The sense you get from this and other parts of the story is that Charles and David Koch genuinely believe themselves to be self-made men. I don't want to disparage their business acumen--the American landscape is littered with the husks of companies and industries that were once too big to fail--but it's also the case that it's a lot easier to become a billionaire if you're already a millionaire and have a degree from one of the finest universities in the world. That they don't seem to recognize this speaks badly of their ego, but it also speaks to why lots of folks on the left are suspicious of the Kochs' big-business libertarianism: the Kochs seem to truly believe that the free market rewards anybody who is willing to pull themselves up by their bootstraps, but they don't seem to care much about the folks who don't have bootstraps.

Later in the piece:
The imputation in February that Governor Scott Walker had brought Wisconsin to a standstill to further the interests of Koch Industries was of course ridiculous. But it also demonstrated the power of the left-wing vilification machine. As the assaults piled up Charles couldn’t help thinking of Schopenhauer’s “Art of Controversy.” The German philosopher had noted that people who can’t win an argument through reason attack their opponent’s motivation. “I thought I was cynical enough,” Charles said. “But that was pretty shocking, to see what we’re up against, or what the country’s up against: to have an element like this.”

The left’s inability to understand where the Kochs were coming from puzzled Charles and David. Wasn’t it obvious that small government and free markets resulted in a better world? “Why don’t we teach in schools things that make society more prosperous, and more peaceful, and people will respect each other more? It’s a strange thing, isn’t it?” said Charles. “It’s unbelievable how they distort what your message is!” said David. The Kochs thought their aim was to increase the standard of living for everyone. The way to do this, they believed, was by applying to society the same methods that had grown their company.

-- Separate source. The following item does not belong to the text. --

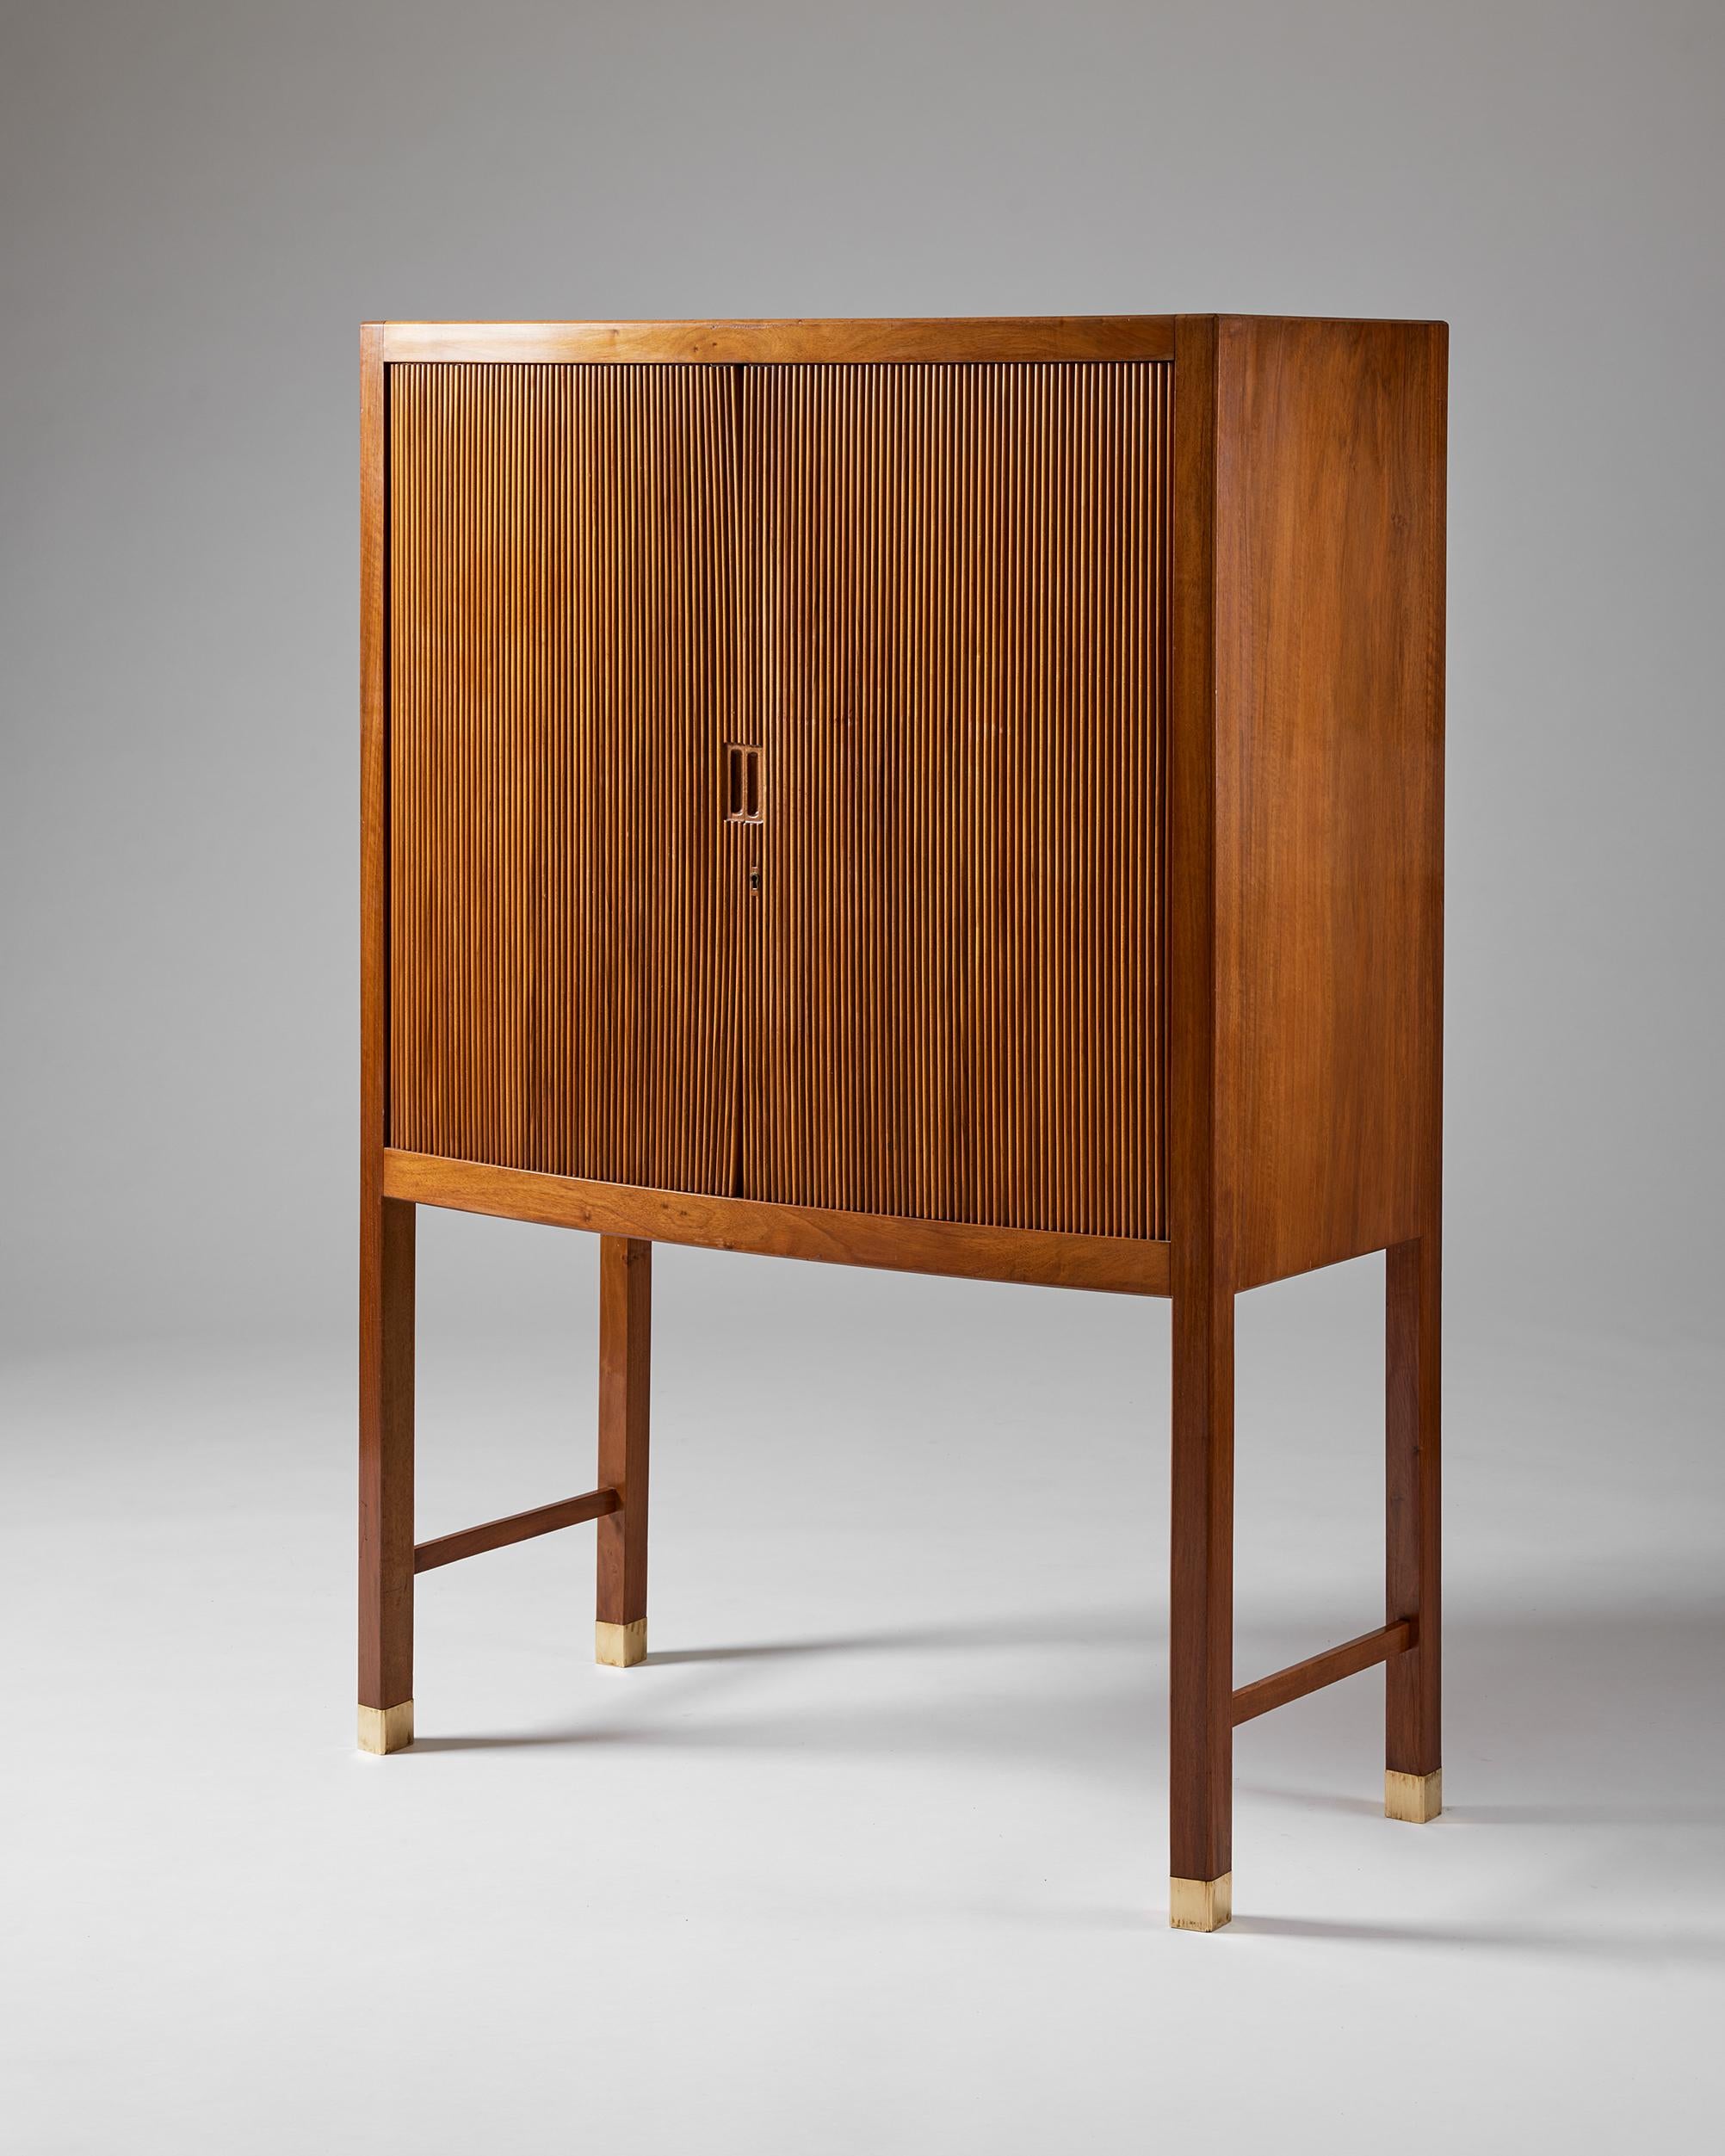 Mid-Century Modern Cabinet with Tambour Doors Designed by a Danish Cabinetmaker, Denmark, 1950s For Sale
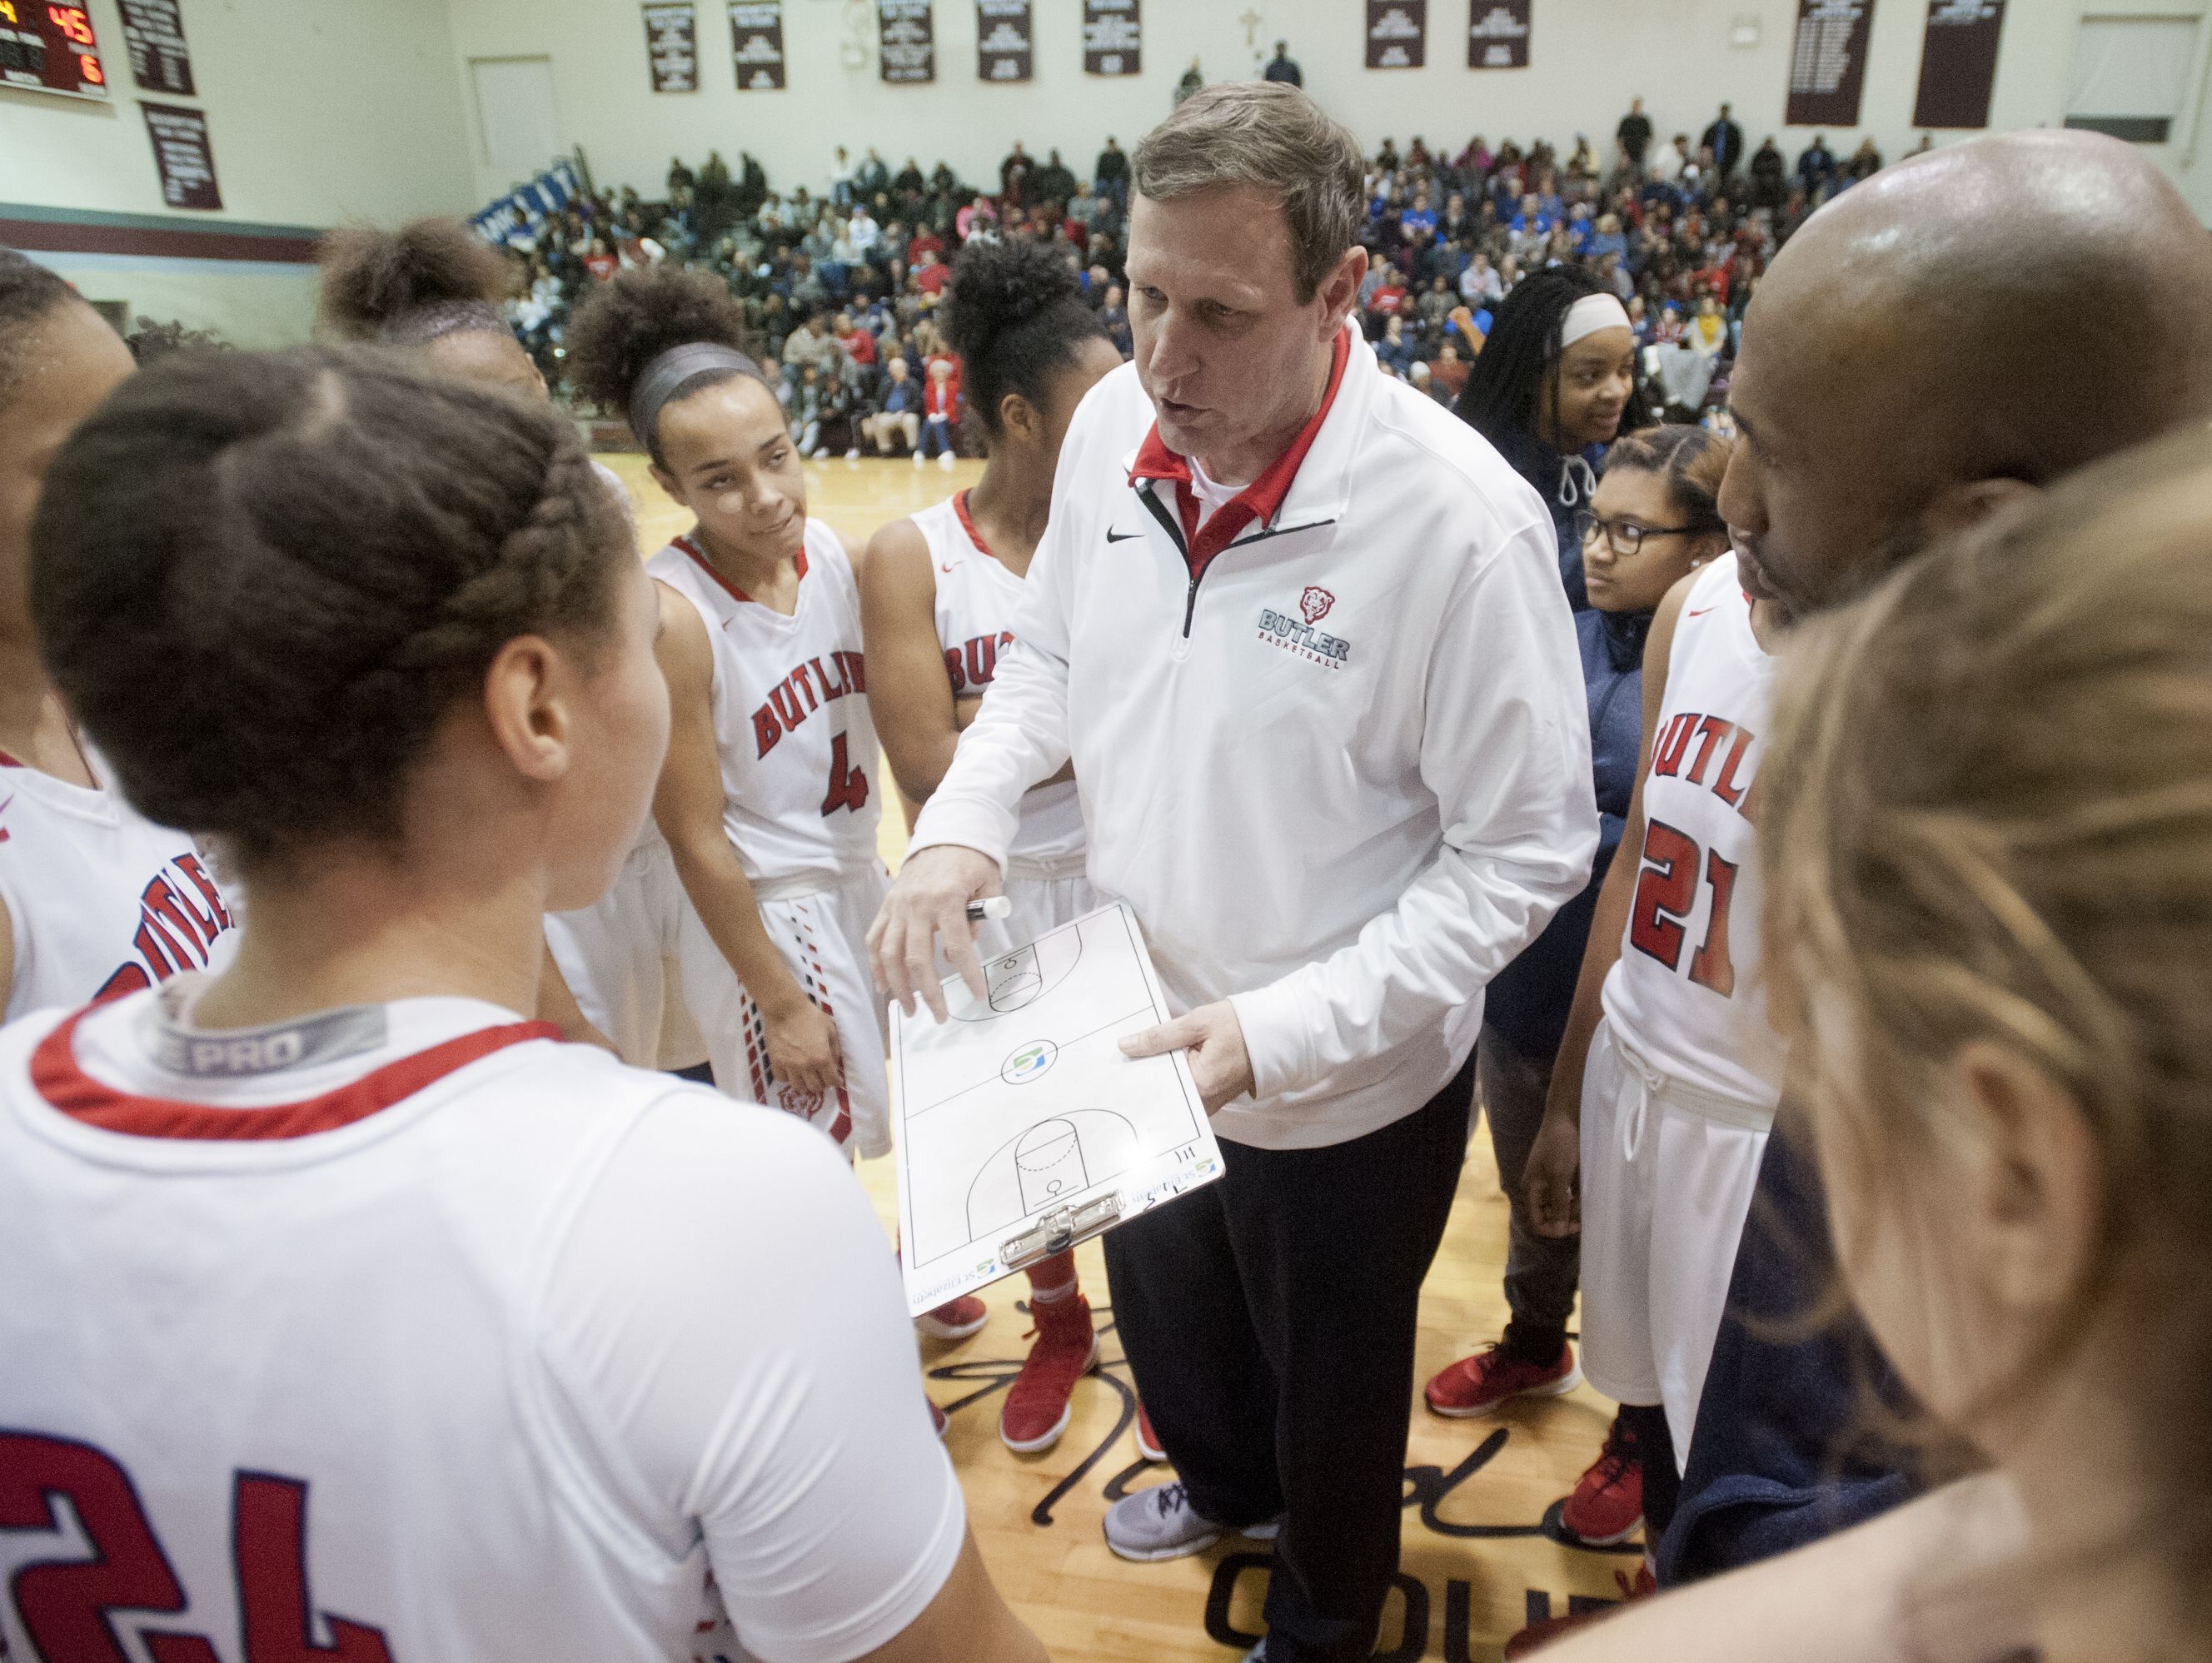 Butler head basketball coach Larry Just charts a play during a time-out in the Girls' LIT championship. 28 January 2017

To Charles, the call for bigger government was egalitarianism run amok. Liberals, he thought, fetishized equality of condition at the expense of personal liberty. “They cannot stand that some people are better off than others,” Charles said. “I think part of it fits Mencken’s definition of a Puritan: someone that’s miserable because he knows that someone, somewhere, is enjoying himself. He cannot stand that. And I think they all slept through Economics 101.”
I am, of course, amused that the Kochs complain of having their motivations attacked--then two paragraphs later do the same to their opponents. It's only human, of course. The problem is that they're wrong. Granted, liberals desire a more egalitarian society than the Kochs do, but for the most part it's a matter of degree: there are precious few real socialists influencing the discourse these days (the banks would've been nationalized in 2008 otherwise) but President Obama has largely surrounded himself with free-market liberals. We're pretty much all capitalists now.

But, you know, some of us believe in a safety net. Not to pull down the people at the top, but to prevent the people at the bottom from slipping through the cracks, and perhaps even to help the people in the middle from slipping to the bottom. That can be done in conjunction with capitalism, if capitalism isn't pursued as a form of social Darwinism. And it will be easier to do so if folks like the Kochs recognize their advantages, instead of believing themselves to be self-made men.


Lou Covey said…
Best and most objective view of the Koch brothers I've read. Well done, from my conservative opinion.